═════ Entries shown
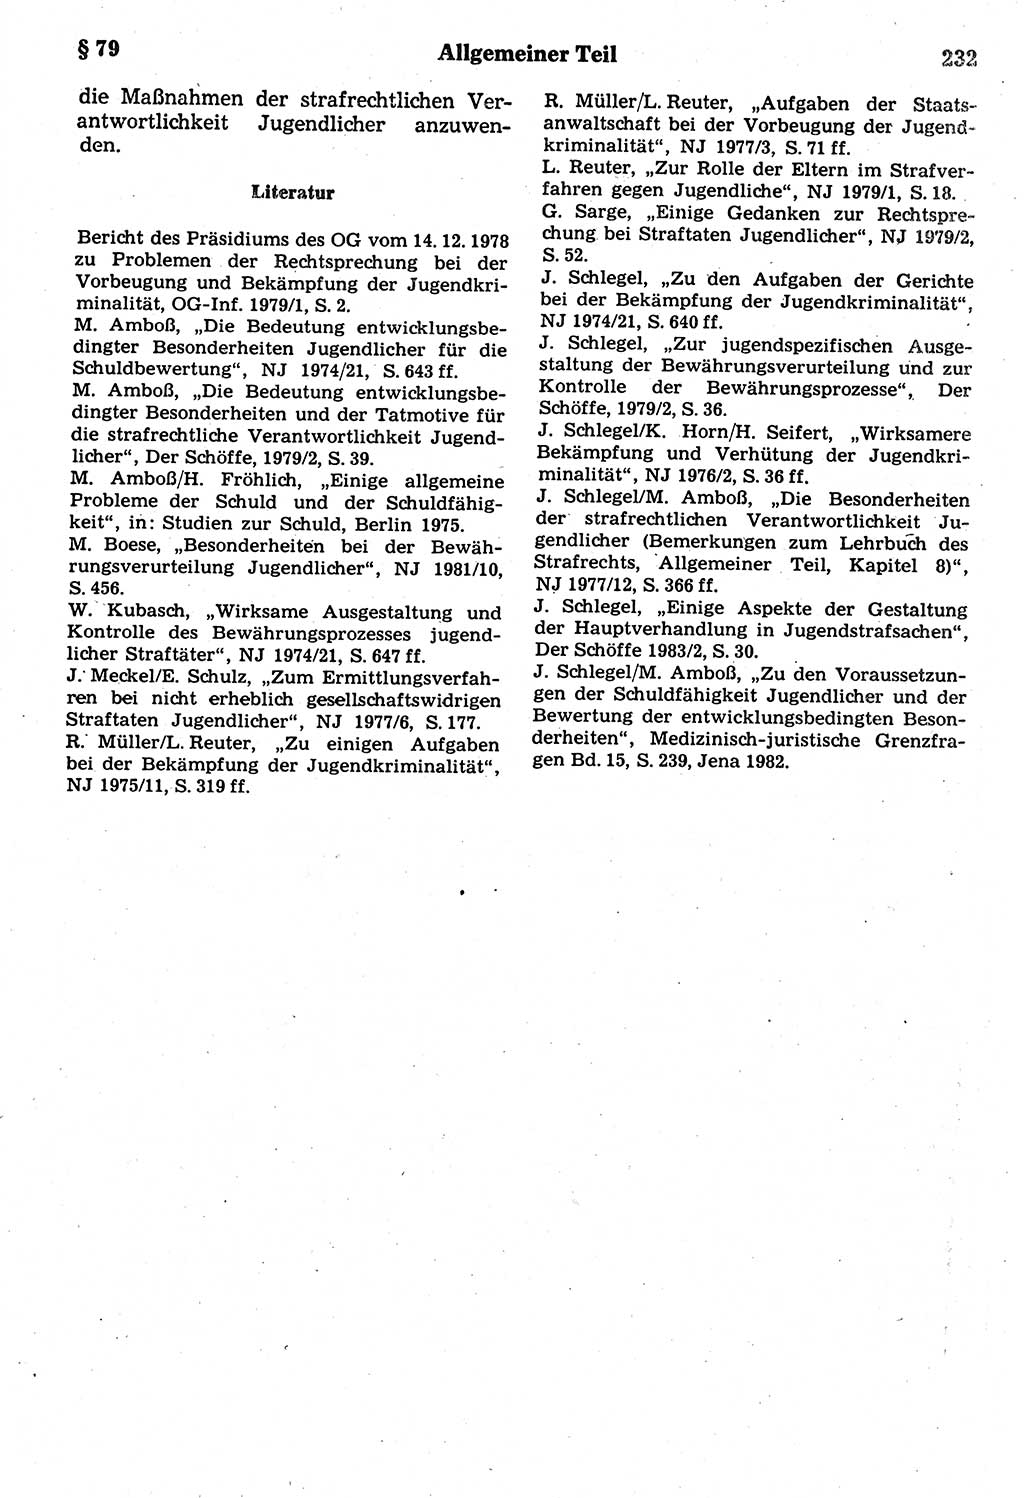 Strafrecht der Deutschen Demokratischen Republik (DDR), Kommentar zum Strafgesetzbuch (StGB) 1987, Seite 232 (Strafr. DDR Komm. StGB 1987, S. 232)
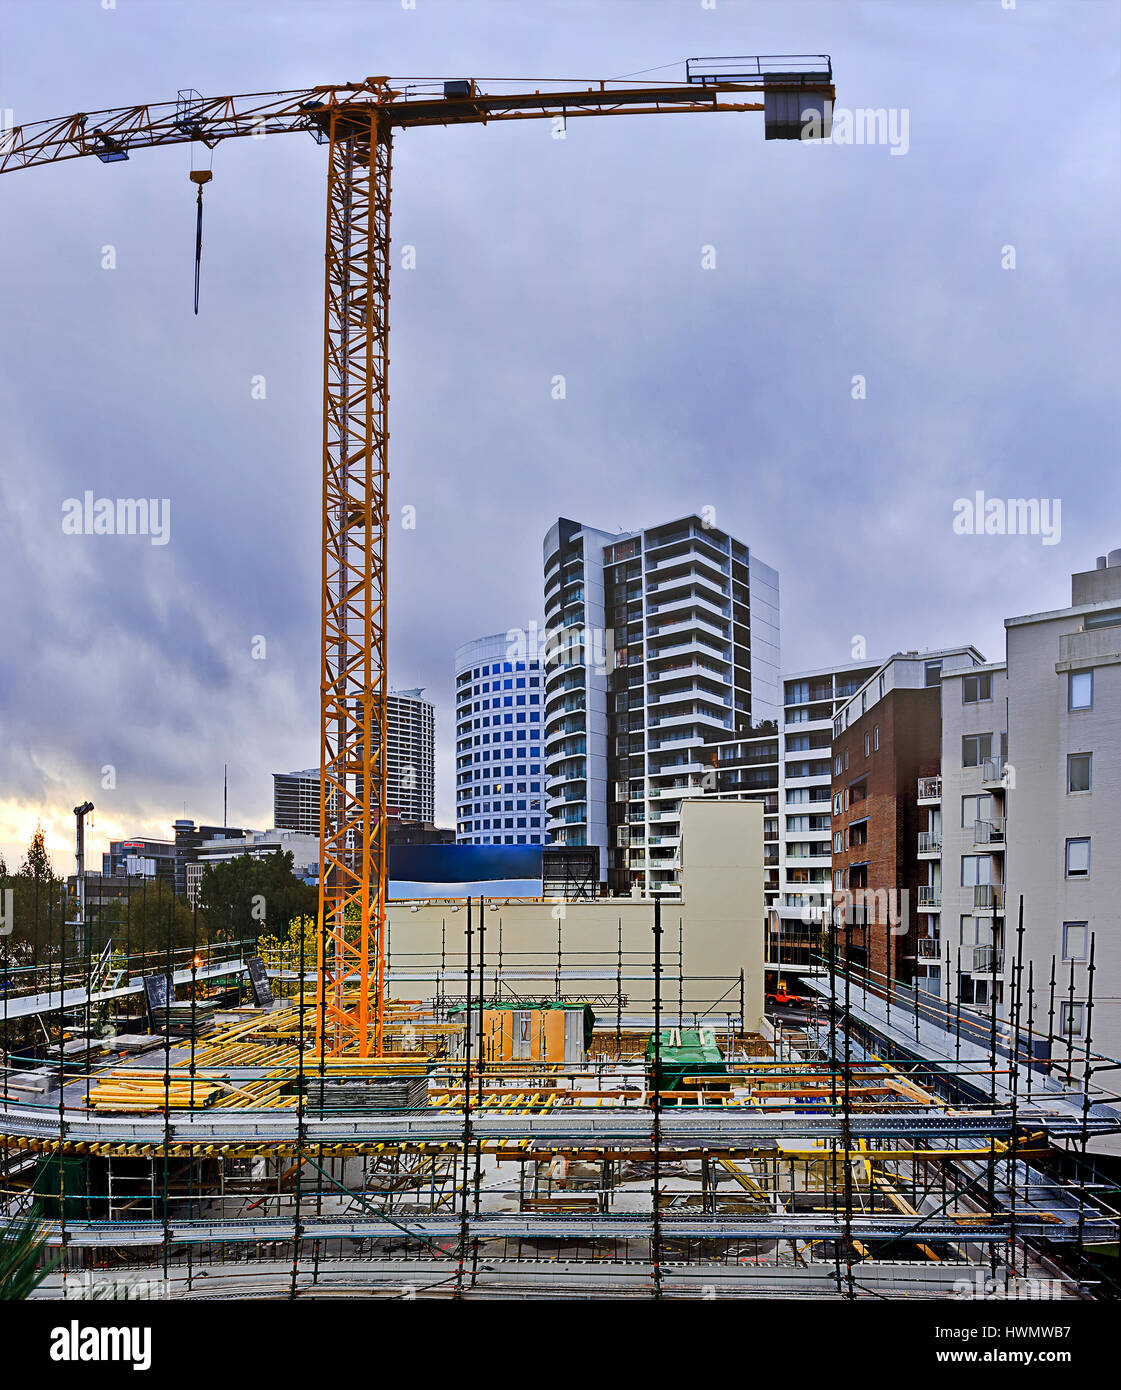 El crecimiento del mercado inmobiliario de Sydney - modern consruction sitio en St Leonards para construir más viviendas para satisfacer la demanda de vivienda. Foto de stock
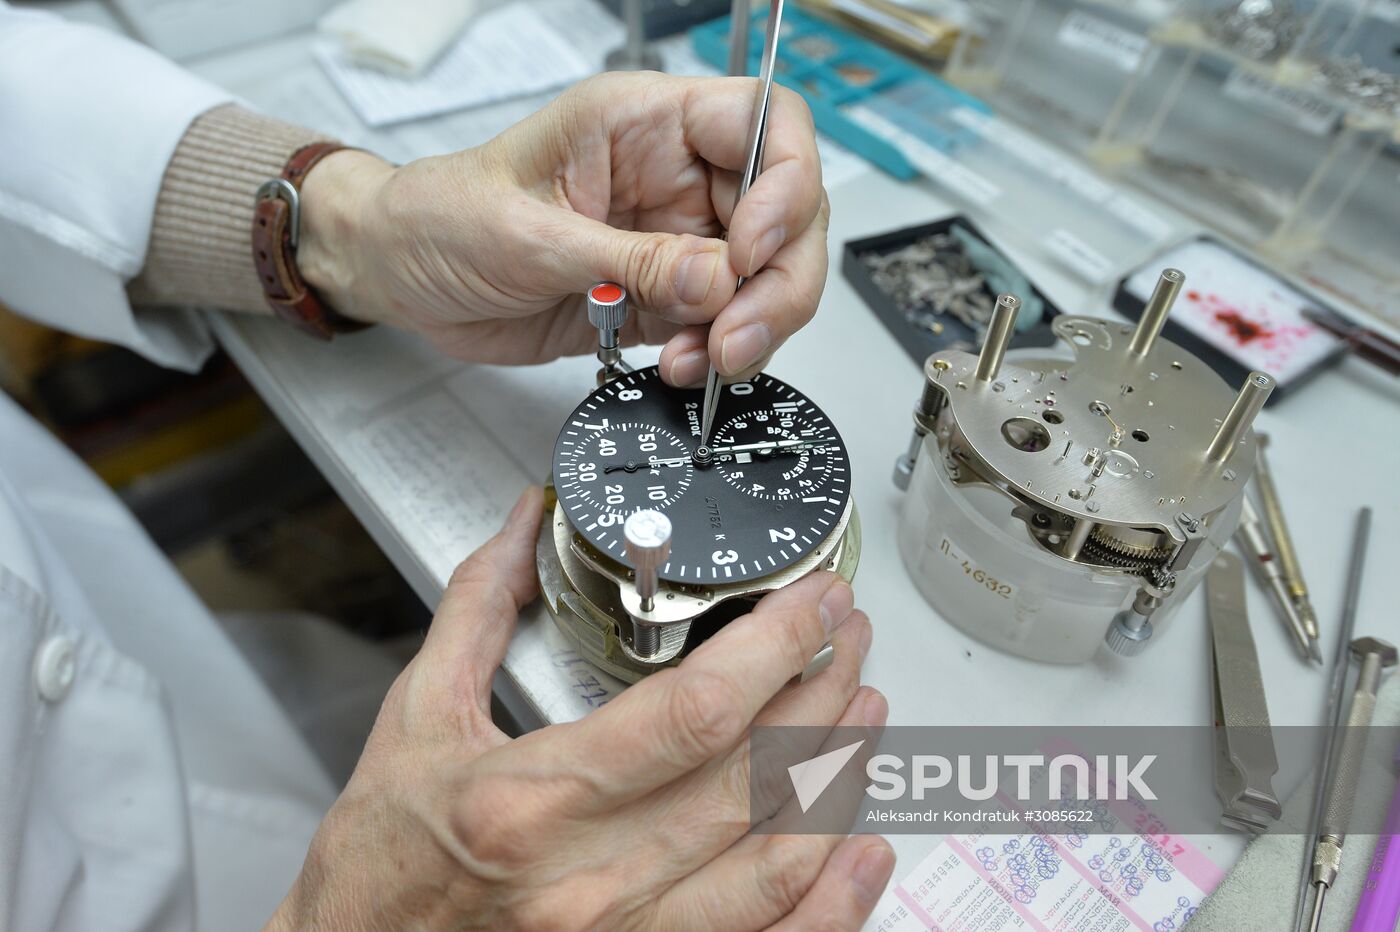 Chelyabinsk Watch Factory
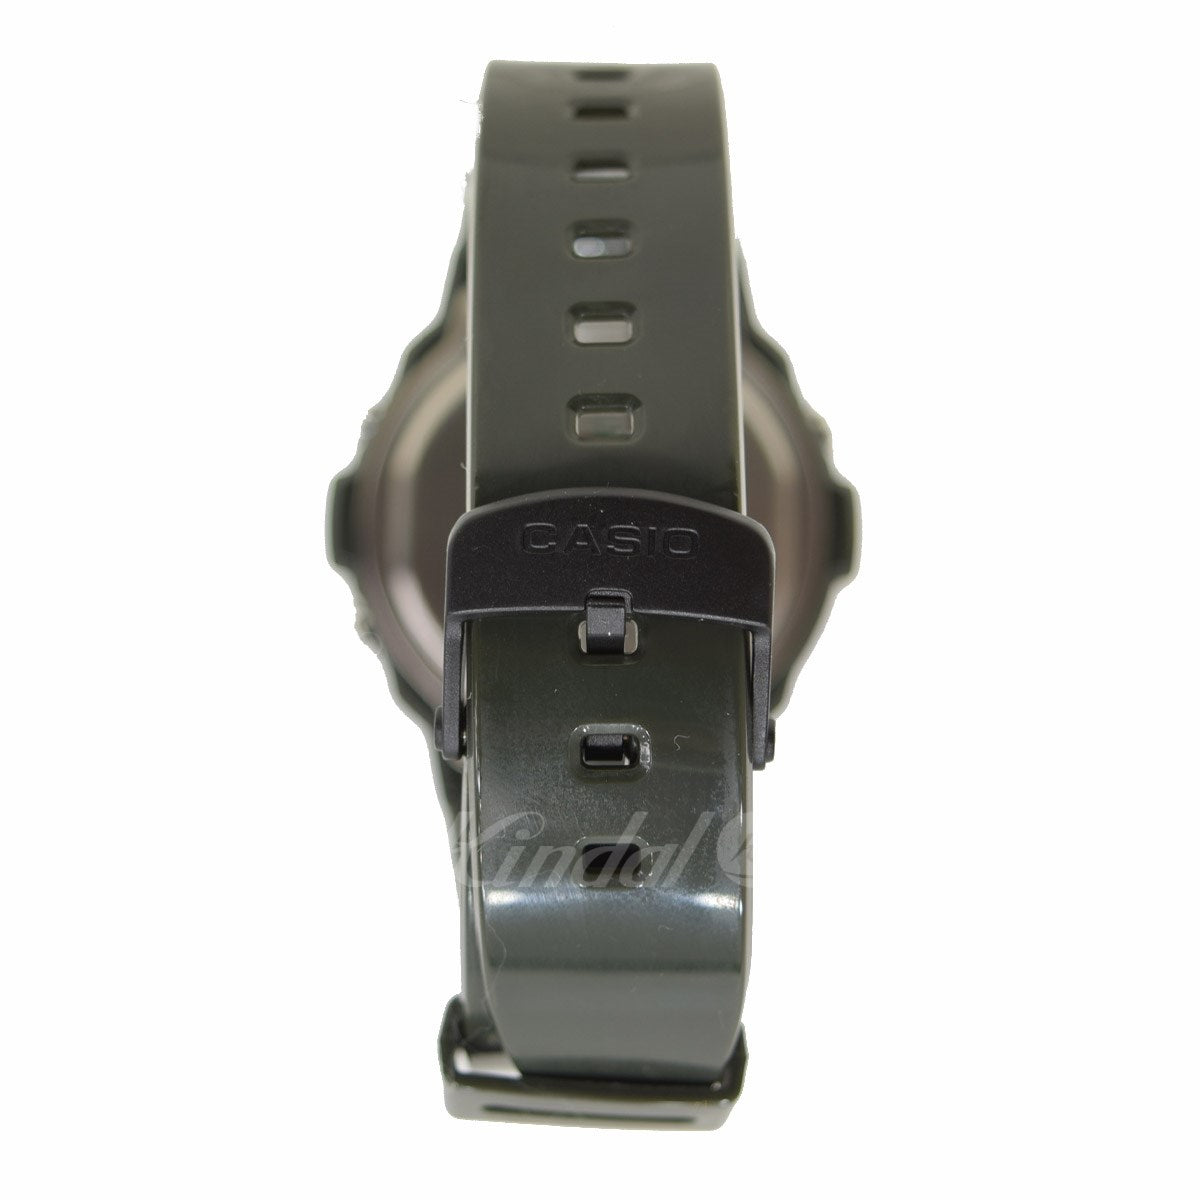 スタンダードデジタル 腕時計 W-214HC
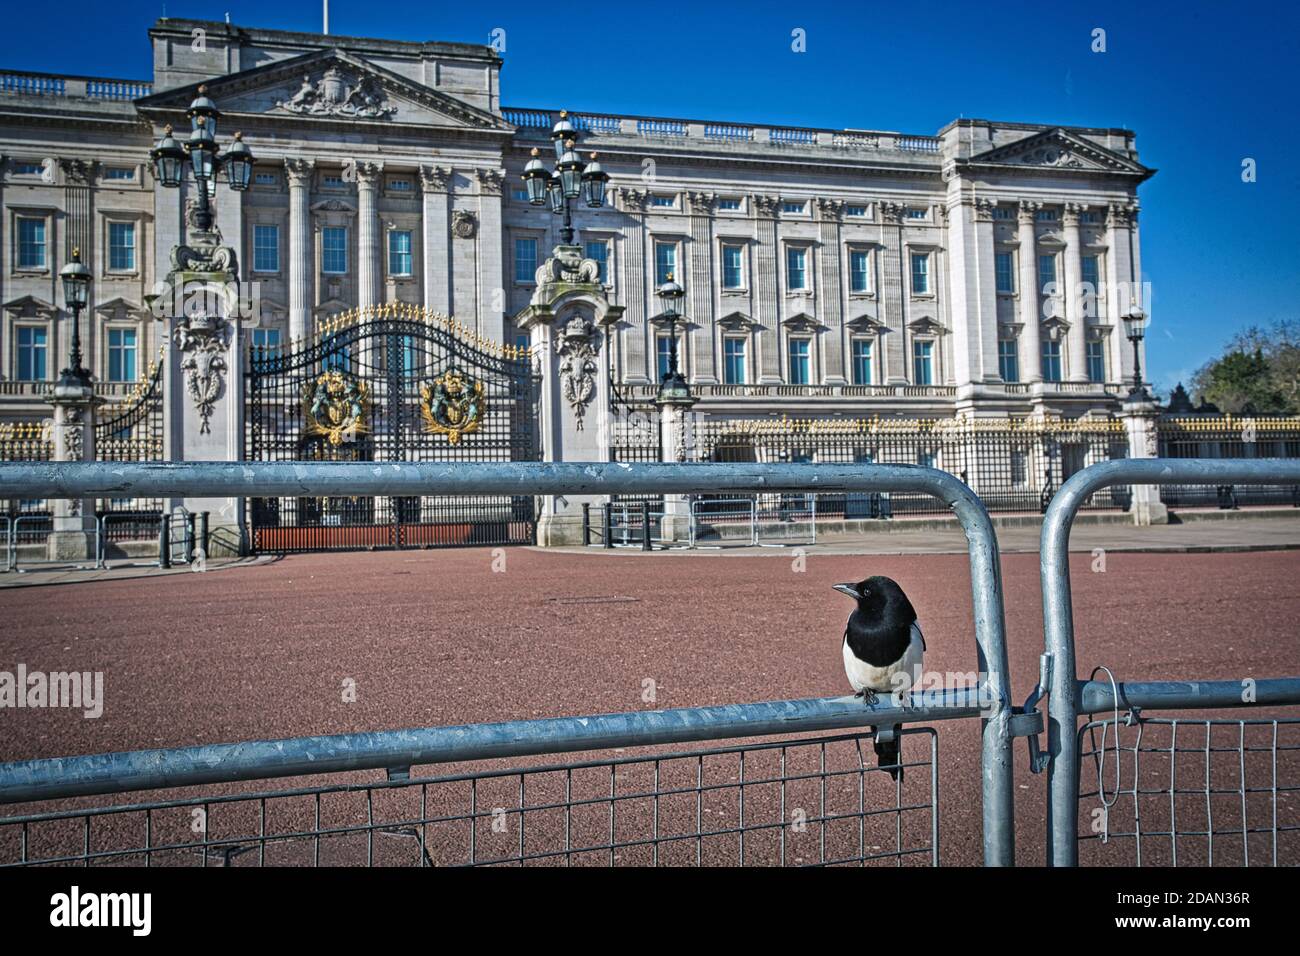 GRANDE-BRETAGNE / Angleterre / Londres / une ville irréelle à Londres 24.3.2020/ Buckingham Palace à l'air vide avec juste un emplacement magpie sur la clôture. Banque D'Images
══════════
- [Exercise objective]: The response should consist of the lines above from the first through the one containing "スタンダードデジタル 腕時計 W-214HC", transcribed exactly, with every picture left out.

- [Reply to the task]:
 Strafrecht der Deutschen Demokratischen Republik (DDR), Kommentar zum Strafgesetzbuch (StGB) 1987, Seite 232 (Strafr. DDR Komm. StGB 1987, S. 232)
 El crecimiento del mercado inmobiliario de Sydney - modern consruction sitio en St Leonards para construir más viviendas para satisfacer la demanda de vivienda. Foto de stock
 Chelyabinsk Watch Factory
 スタンダードデジタル 腕時計 W-214HC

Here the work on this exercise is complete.